FDA Clears Baxter's Collegue Pump

Confusing display screens, software defects, swollen batteries and other defects
could have resulted in the pumps either shutting down or under- or over-delivering
critical medication and fluids to patients and were associated with serious
injuries and deaths.

In June 2006, the manufacturer, Baxter Healthcare Corporation signed a consent
decree with FDA detailing the steps that must be taken before the Colleague
pump would meet appropriate regulatory requirements and could be sold again.
The agreement resolved a court action by FDA that began with the October 2005
product seizure.

[…]

The
Colleague device was one of the most commonly used volumetric pumps in the
U.S. when FDA asked U.S. marshals to seize all pumps stored in Baxter Healthcare's
northern Illinois warehouses in October 2005. However, hospitals and clinics
were allowed to continue to use pumps already in their possession, guided
by instructions provided by Baxter Healthcare.

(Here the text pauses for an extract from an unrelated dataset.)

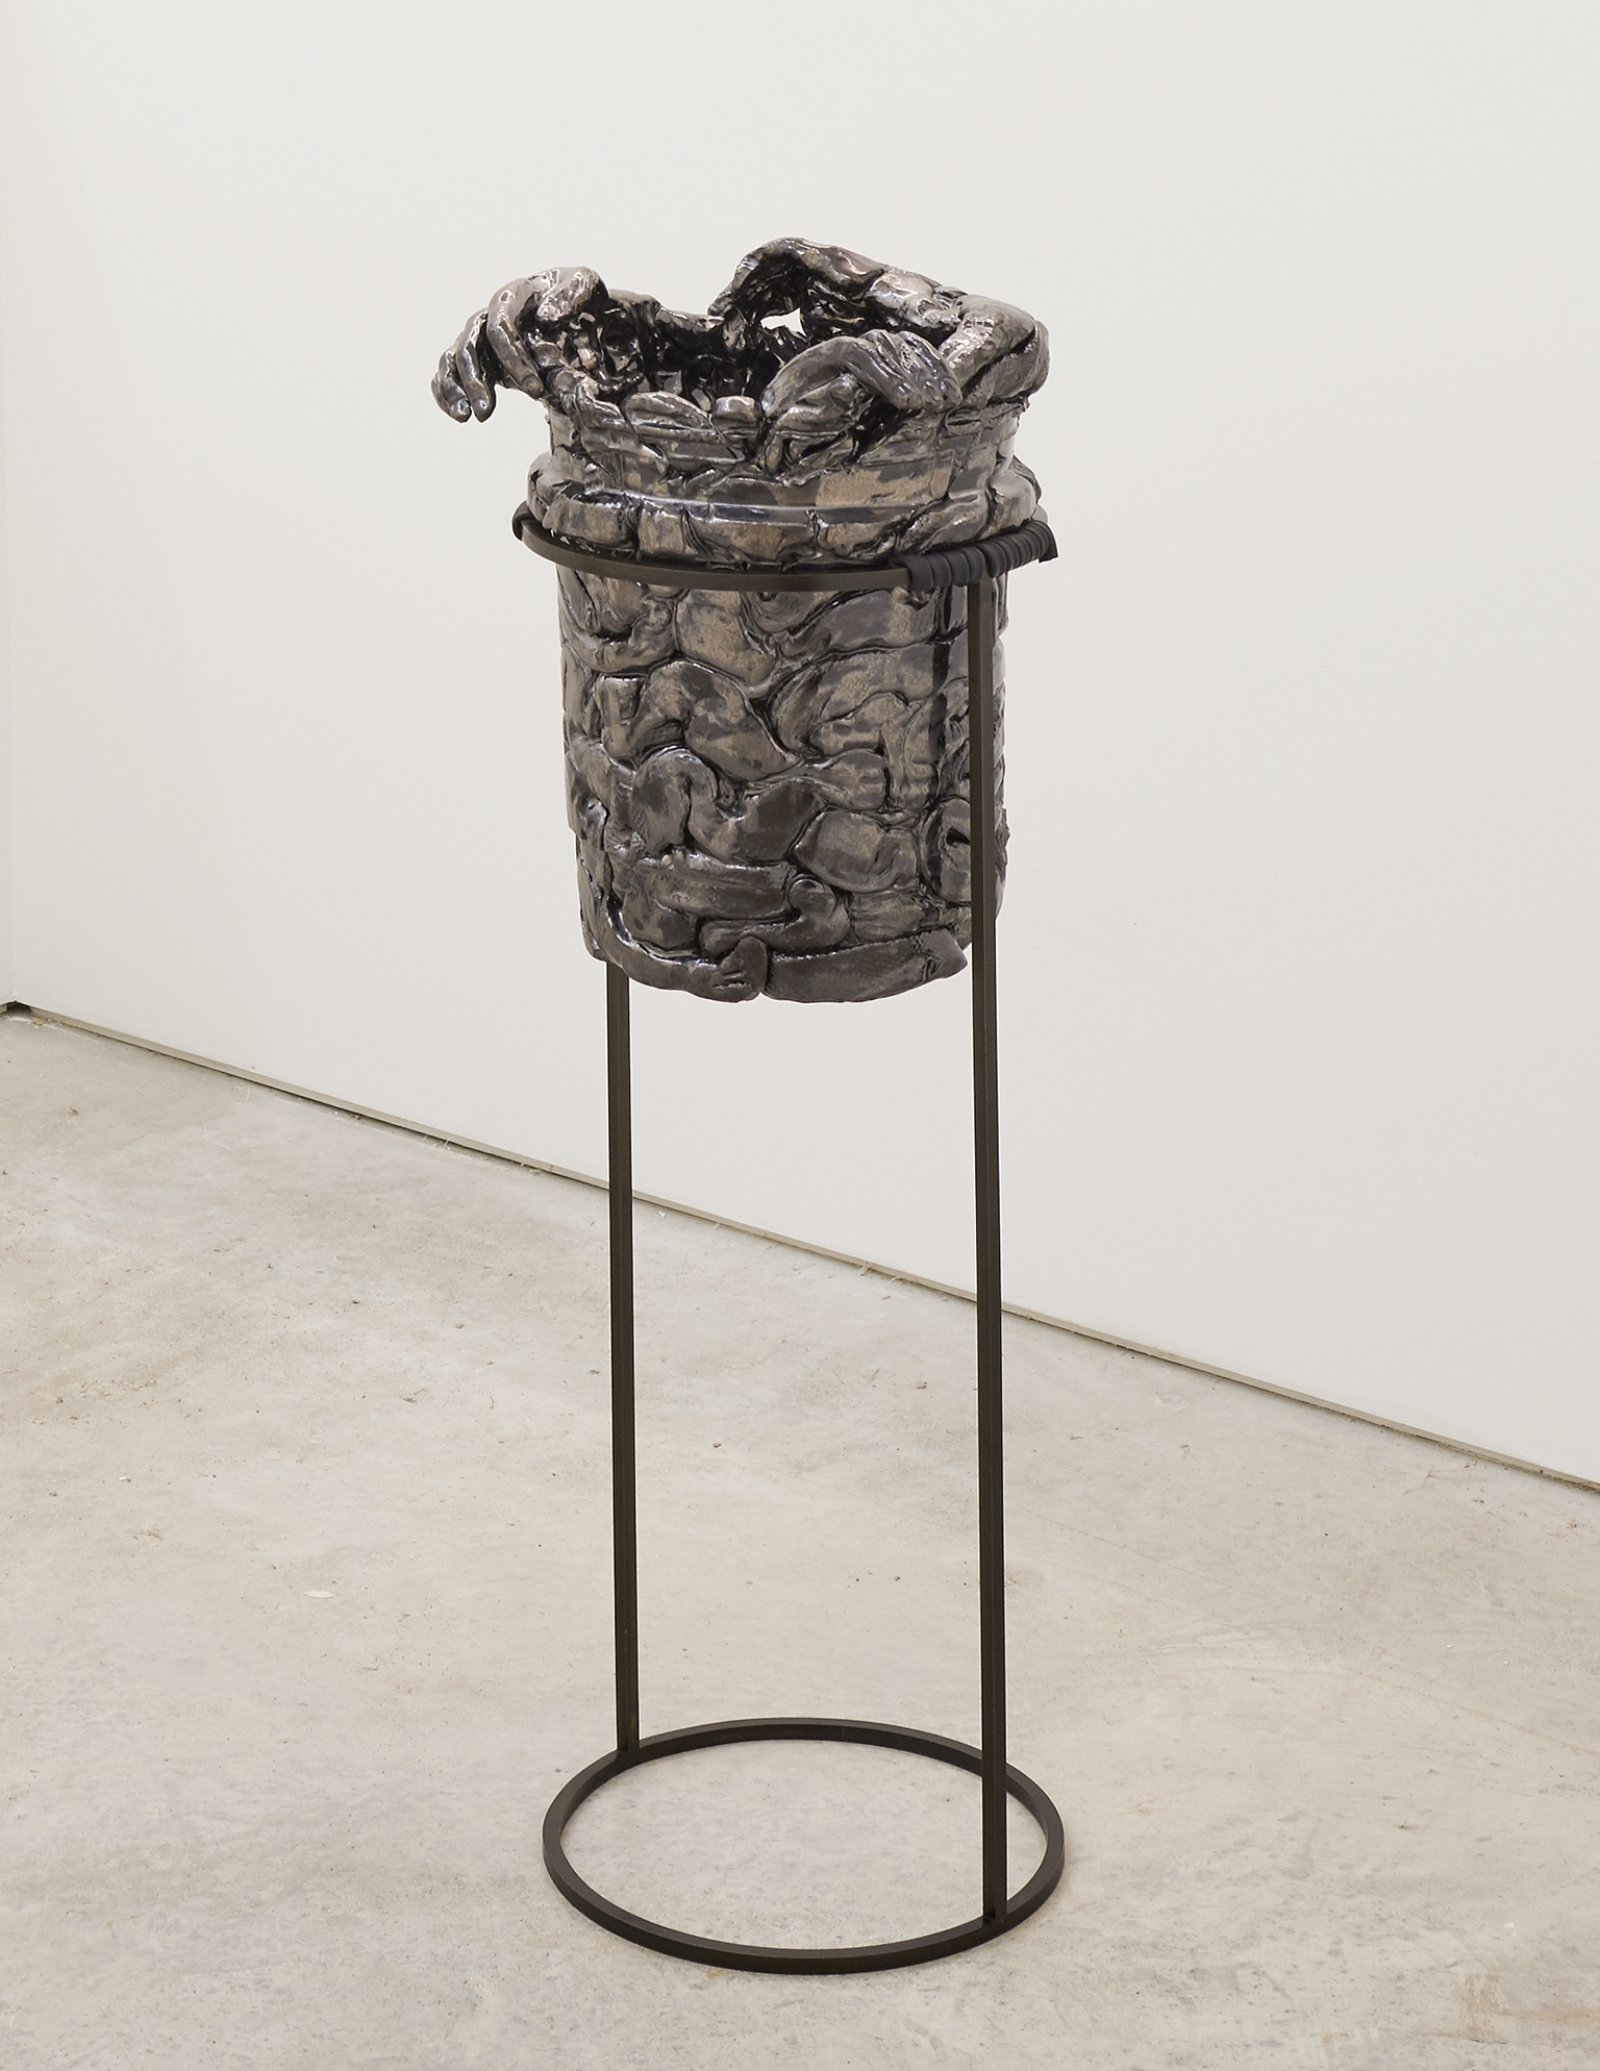 Rochelle Goldberg, Thirsty Bucket, 2016, ceramic, crude oil, steel, latex, 31 x 12 x 12 in. (79 x 31 x 31 cm). Installation view, The Plastic Thirsty, SculptureCenter, Long Island City, USA, 2016

Baxter Healthcare's pre-market submission for the modified pump included:

• detailed testing to demonstrate that the pump meets the latest
  electromagnetic testing compatibility standard;
• complete redesign of the battery protection circuit;
• improved interface to warn user of battery depletion problems;
• complete documentation to support unit and system-level software verification
  and validation of the final finished device to alleviate software problems
  that could lead to over and under infusion;
• a human factors evaluation to alleviate concerns about silent failures
  and unclear operating instructions;
• information to support hardware redesigns; and
• a rewritten user manual.

FDA will continue working with Baxter Healthcare to ensure that infusion
pumps are safe and effective for their intended use. FDA is committed to
assuring that the company fully addresses the issues identified in the consent
decree. Pumps seized by the government are not in distribution at this time.
Baxter Healthcare is located in Deerfield, Ill.